GPS for Maternal and Child Health: Using State-Level Data to Improve Systems of Care for Children
By Michael D. Kogan, PhD, Maternal and Child Health Bureau, Health Resources and Services Administration, U.S. Department of Health and Human Services
In the not too distant past, many maternal and child health (MCH) programs were designed without data to guide them or they did not collect data during the program to evaluate their effectiveness. In a way, it’s like driving a car blind-folded; while it may be thrilling at first, there’s a good chance that you will not wind up at your final destination.
At the beginning of the 21st century, many states did not have data on either the health status or health care experiences of children in their states, often because they lacked the resources to collect the data. To rectify this situation, the Maternal and Child Health Bureau (MCHB) of the Health Resources and Services Administration began an ambitious program to conduct nationally- and state-representative surveys every two years, alternating a survey on children with special health care needs (CSHCN), with a survey on the overall children’s population. The purposes were to provide data to help states respond to MCHB’s Title V Block Grant performance measures, and to be used as a tool for improving systems of care and outcomes for children.
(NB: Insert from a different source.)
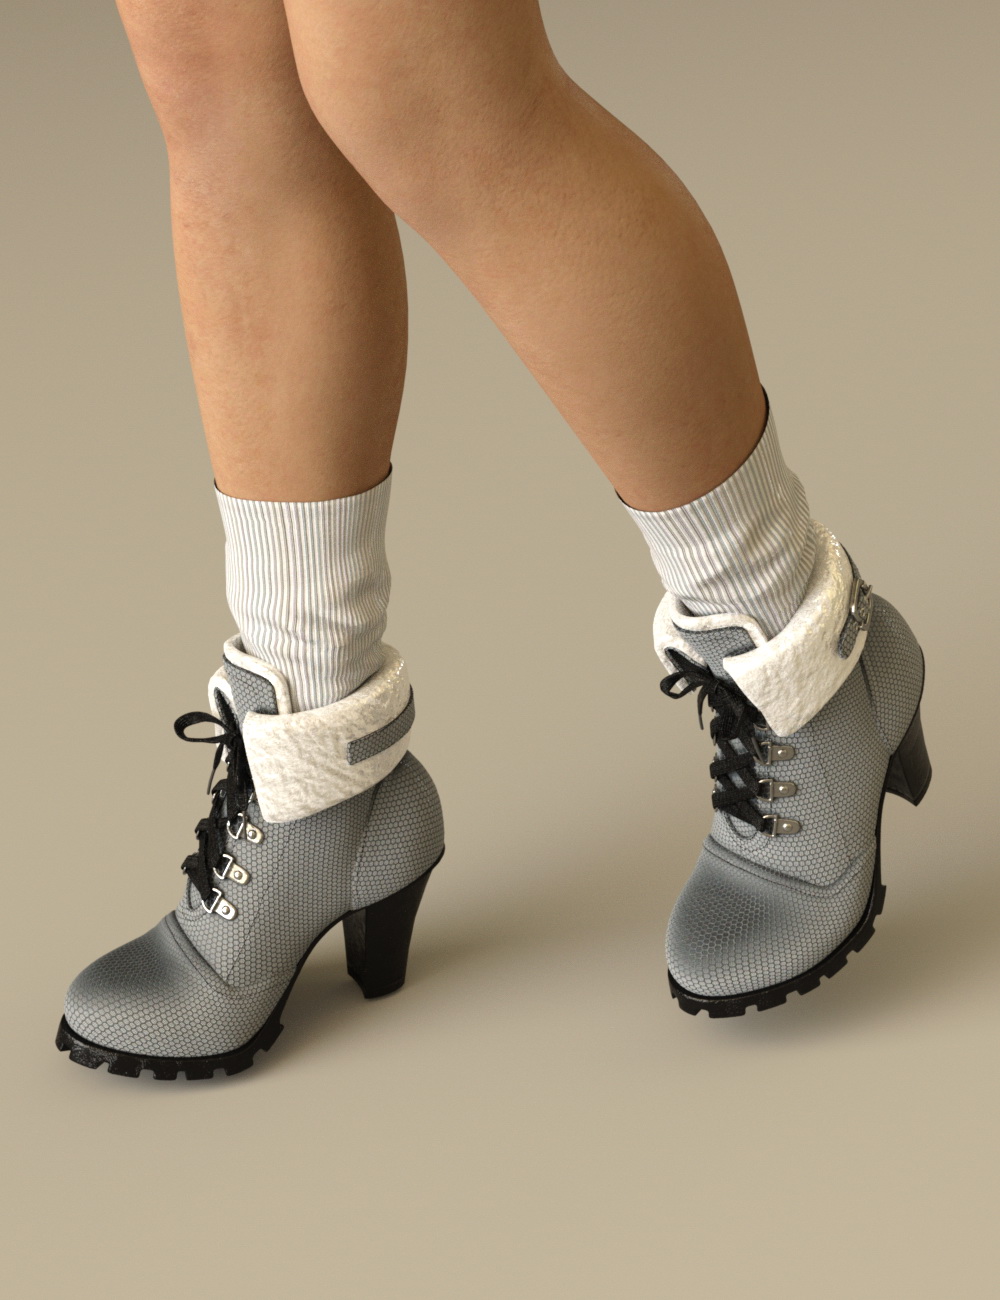 Off Road Boots for Genesis 8 Female(s) by: chungdan, 3D Models by Daz 3D

Beginning with the 2001 National Survey of CSHCN and followed by the 2003 National Survey of Children’s Health, the MCHB has now conducted four of these surveys. The information from the 2007 National Survey of Children’s Health should be available in early 2009. The information from the 2005-2006 National Survey of CSHCN recently became available. This survey, with 40,000 CSHCN and at least 750 CSCHN in each state, illustrates the importance of being able to conduct state-specific analyses. The chart book on this survey, available at http://mchb.hrsa.gov/cshcn05/ shows, for example, that the percent of CSHCN who received coordinated, ongoing, comprehensive care in a medical home ranged from 39 – 57 percent across states, or the percent of CSHCN who had unmet needs for health services ranged from 10-23 percent. Moreover, since this is the second National Survey of CSHCN, changes over time periods can also be viewed when the measures are comparable. For example, from 2001 to 2005-2006, there was a dramatic change in how CSHCN are insured: in 2001, 21.7% of CSHCN were covered only by public insurance; by 2005-2006, that had increased to 28%.
It is not enough to simply conduct the surveys. Otherwise, the data would just sit there, collecting dust like a bad wedding gift (the Elvis Presley-shaped wine holder that my Great Aunt Selma gave me comes to mind). The data needs to be available and accessible in a form that even the most number-phobic individual can access. So the MCHB established the Data Resource Center, where anyone can simply type in a query and information for your state will be provided almost instantaneously. The website is http://www.childhealthdata.org.
Think of these surveys as GPS devices for your state MCH programs; they can help guide you to use your resources most efficiently to develop systems of care to improve children’s health. Hopefully, the days of driving blind-folded are now in the past.